The Next Shift | Gabriel Winant

Summary of: The Next Shift: The Fall of Industry and the Rise of Health Care in Rust Belt America
By: Gabriel Winant


In this summary of ‘The Next Shift: The Fall of Industry and the Rise of Health Care in Rust Belt America’ by Gabriel Winant, we explore the transformation of the US labor market from heavy industry to the rapidly growing care sector. Learn about the decline of Pittsburgh’s steel industry, the rise of health care, and the racial and gender divides inherent in these shifting economic landscapes. As the care sector continues to grow, the author looks at issues such as low wages, job shedding, and government intervention faced by an industry with limited options to increase productivity.

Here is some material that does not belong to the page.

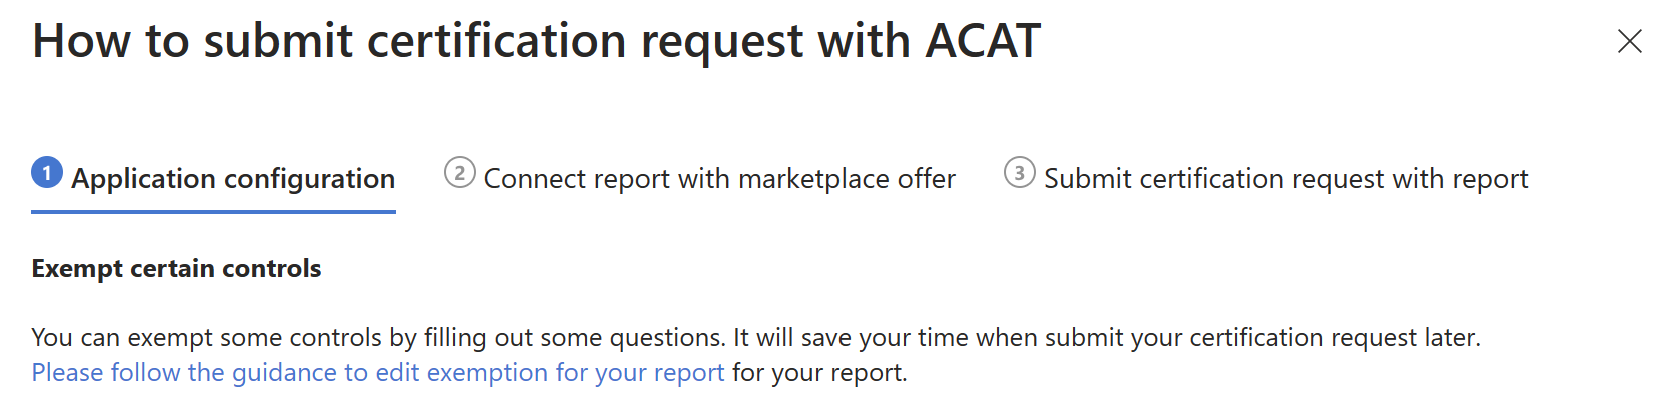 Guía para enviar la certificación con ACAT

The Trilemma of the Care Industry

The care sector in the US faces a trilemma as firms that provide mass employment operate at low margins, while those that don’t rake in huge profits. Despite this, the care sector provides one in every seven jobs in the US, and some firms are trying to shirk responsibility through subcontracting work and misclassifying workers. Care workers are responsible for everyone, yet no one is accountable for their well-being. To resolve this trilemma, the sector must choose from increasing wages and shedding jobs, keeping wages as low as possible to maintain employment, or relying on government intervention.

Pittsburgh’s Industrial Past

Pittsburgh was once a major industrial city with a workforce dominated by blue-collar workers. Black men were predominantly unskilled laborers, while white women held clerical roles. The city’s economy relied heavily on the steel industry, which also determined its demographics and social hierarchy. The decline of steel in the 1970s led to a significant impact on the city, exacerbating the divide between union and non-union workers and driving them into the healthcare industry.

The Steel Industry’s Costly Mistakes

In the late 1940s, America’s steel industry received government support to increase capacity. However, instead of investing in more advanced technologies, they built larger plants. When demand for steel decreased after the Korean War, they were left with outdated plants. Unionized workers’ significant wage increase didn’t help as policy makers feared rising steel industry costs would increase inflation. Policy makers unsuccessfully tried to nationalize the steel industry as the conflict between them escalated in parallel with the economic downturn. The steel industry raised its prices during a severe recession in 1957 and failed to invest in improved technology, leading to reduced workforce size and a divide between managers and workers.

Women in Working-Class Families

After the Second World War, working-class families in Pittsburgh enjoyed a high living standard due to the economic security provided by jobs in the steel industry. Men were the sole breadwinners while women bore the responsibility of running the home and raising future generations. Despite the seemingly high standard of living, interruptions in work left families struggling to meet the “modest but adequate” standard of living. Women often lived in multi-generational family units and worked around their husbands’ shifts, waking early to take care of the household and children throughout the day. They also determined how to stretch their husbands’ wages as far as possible through frugality and ingenuity. In times of shortage, working-class women faced the pressure of maintaining their family’s appearance of affluence while hiding their struggles from others. The community believed that failure to provide for one’s family was humiliating, so women worked to maintain this image while replicating their parent’s lives for their children.